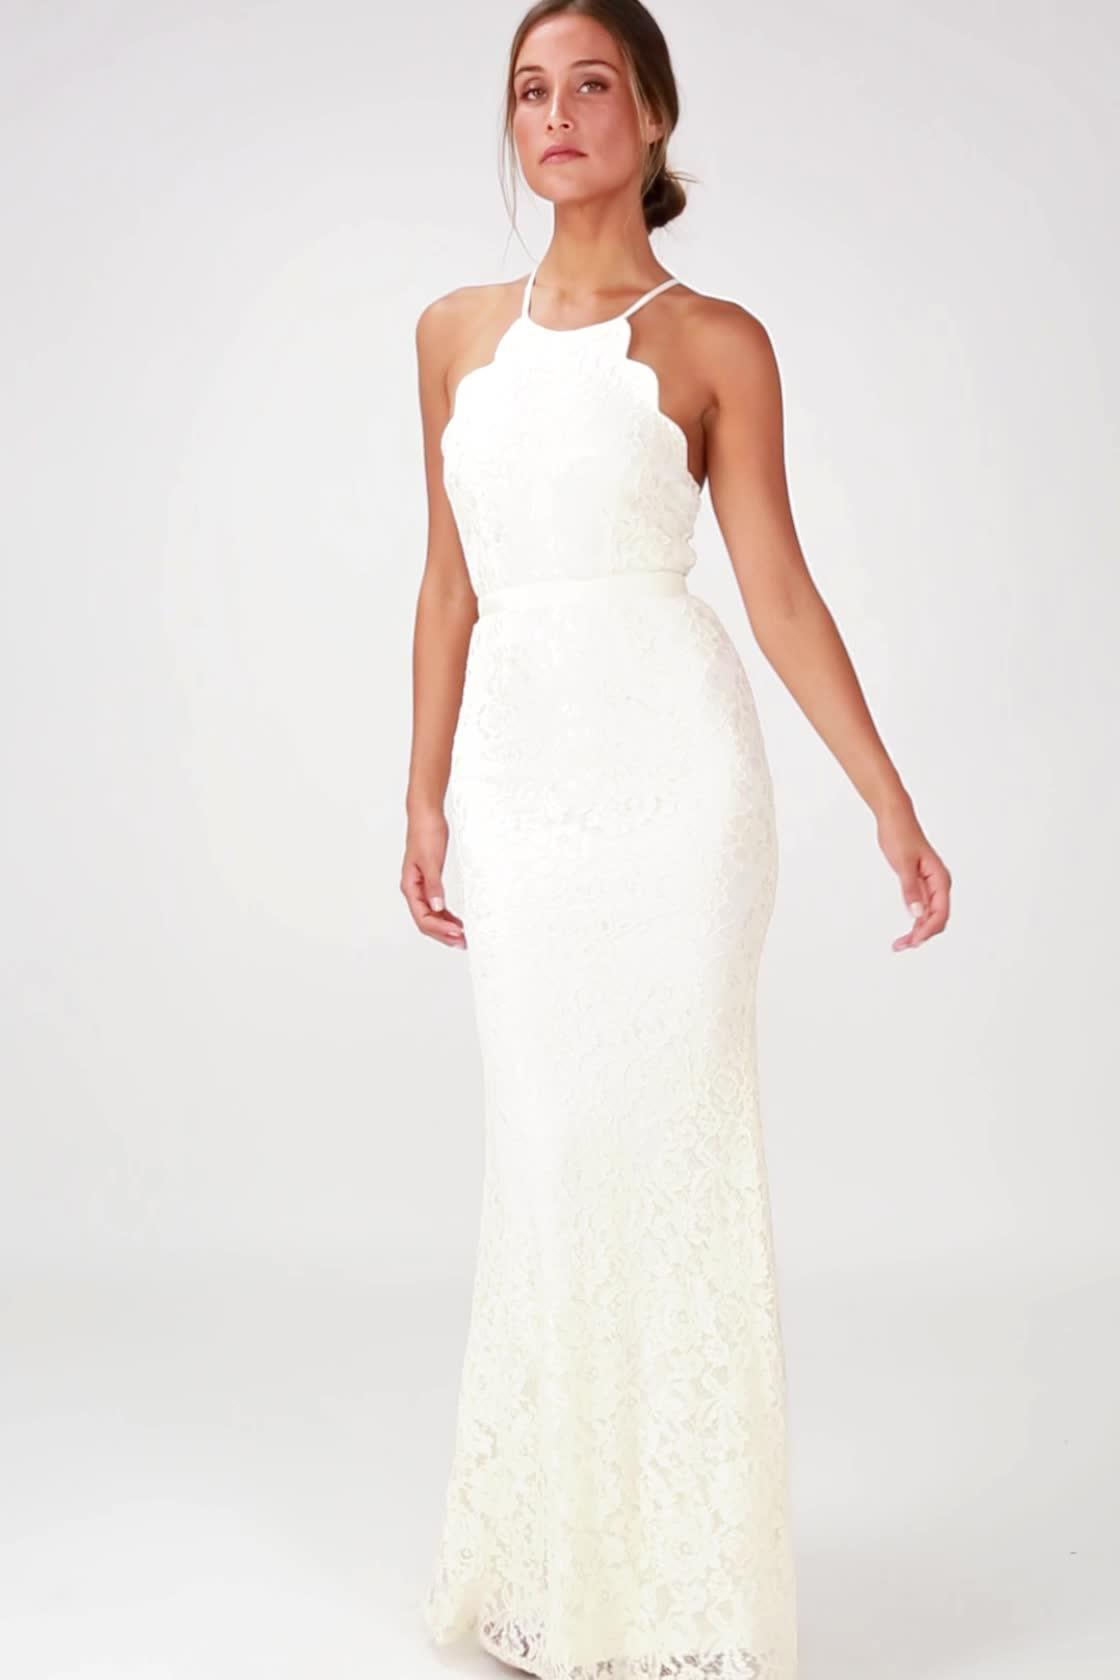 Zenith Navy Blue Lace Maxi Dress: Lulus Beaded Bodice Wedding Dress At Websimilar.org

# # # # # # #

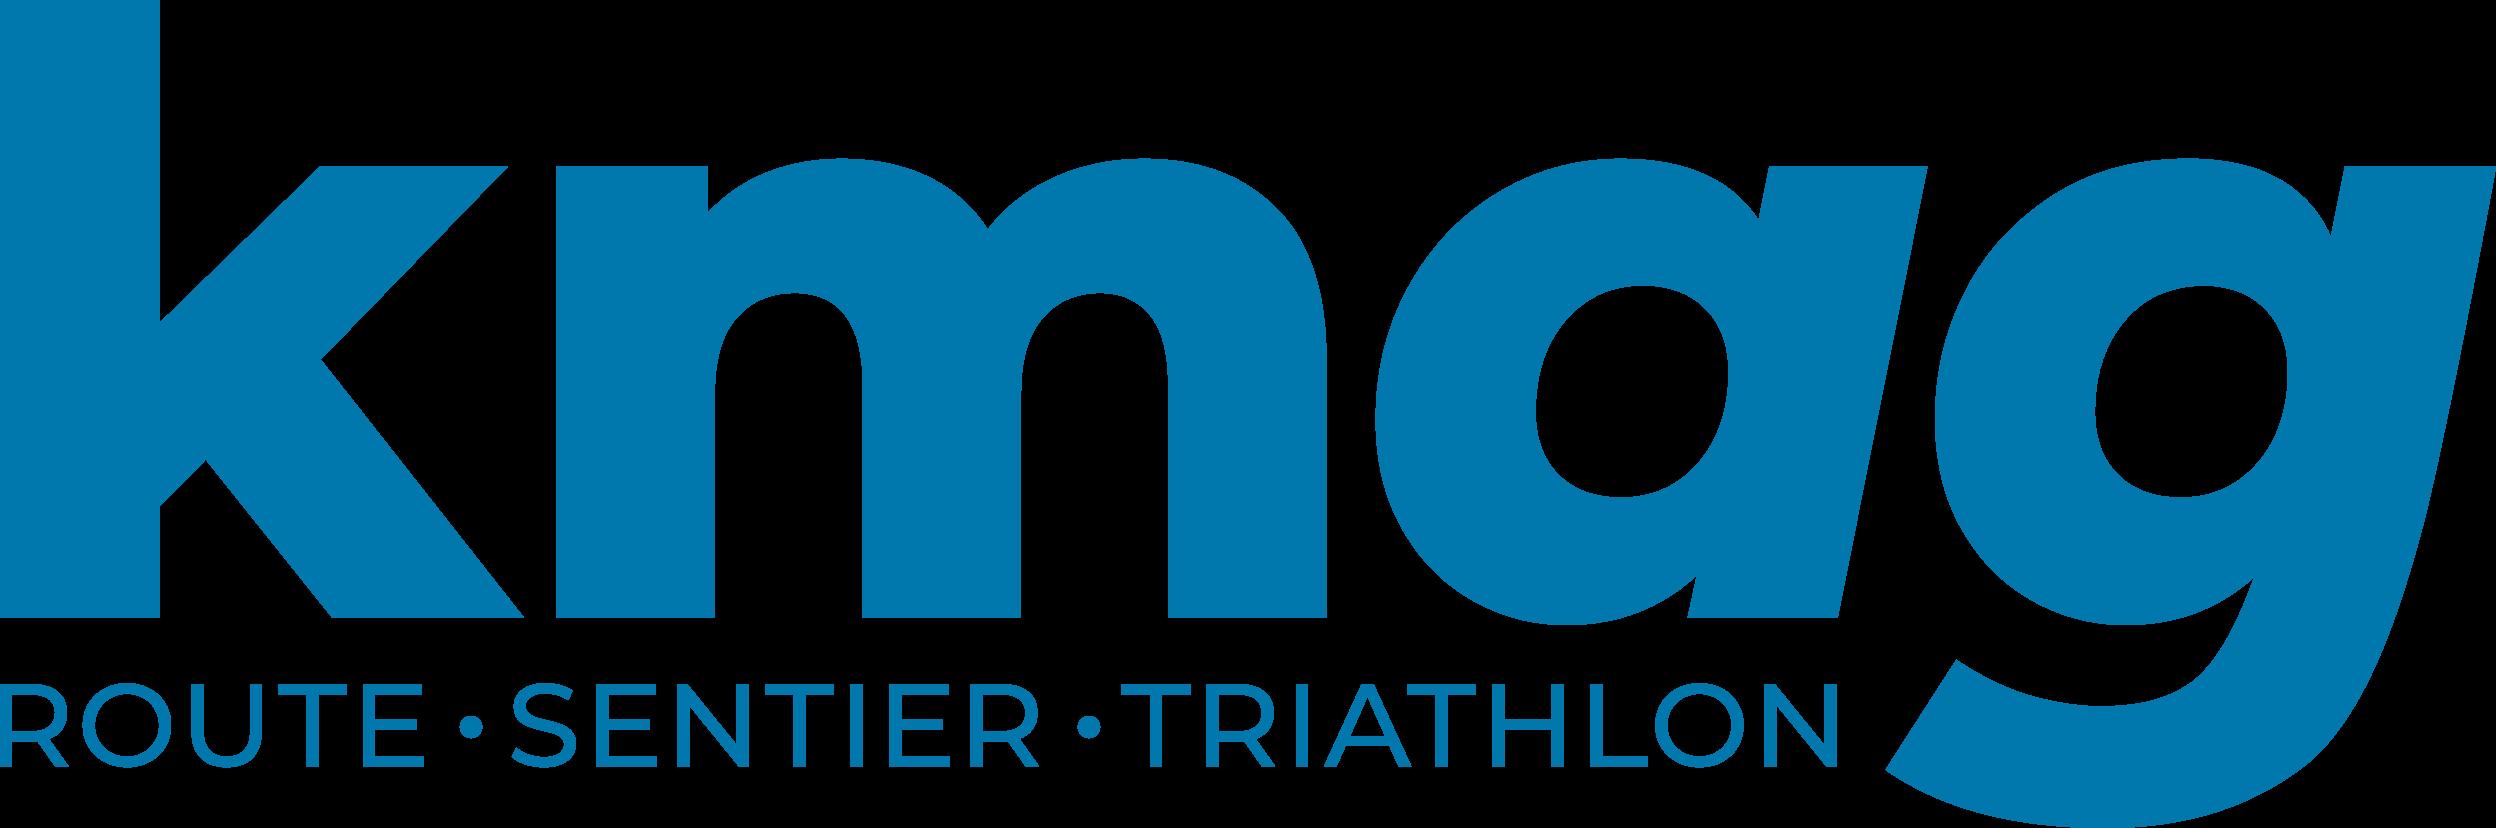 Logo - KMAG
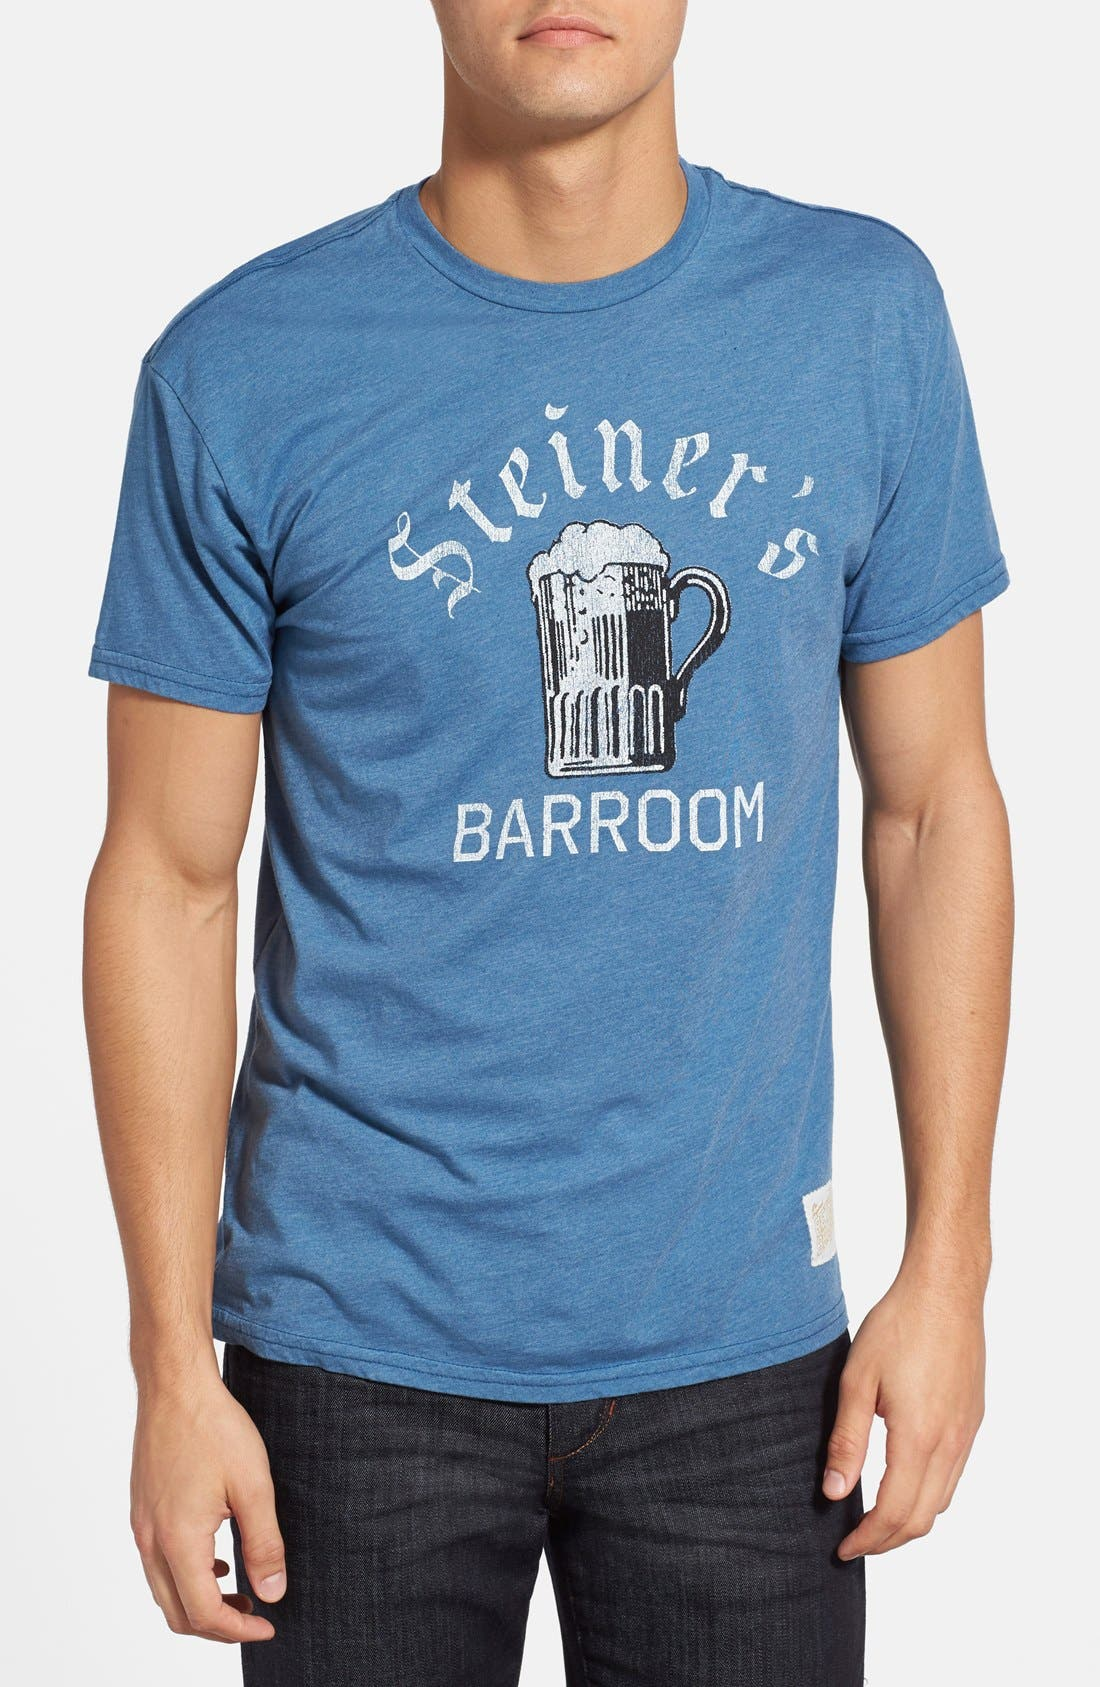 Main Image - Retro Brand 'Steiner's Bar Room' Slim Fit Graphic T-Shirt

# # # # # # #

> [Task directions]:
The result should be an exact copy of only the lines above from the one that holds "Logo - KMAG" through the one that holds "Main Image - Retro", both ends included, without pictures.

> [Reply]:
 Logo - KMAG
 Main Image - Retro Brand 'Steiner's Bar Room' Slim Fit Graphic T-Shirt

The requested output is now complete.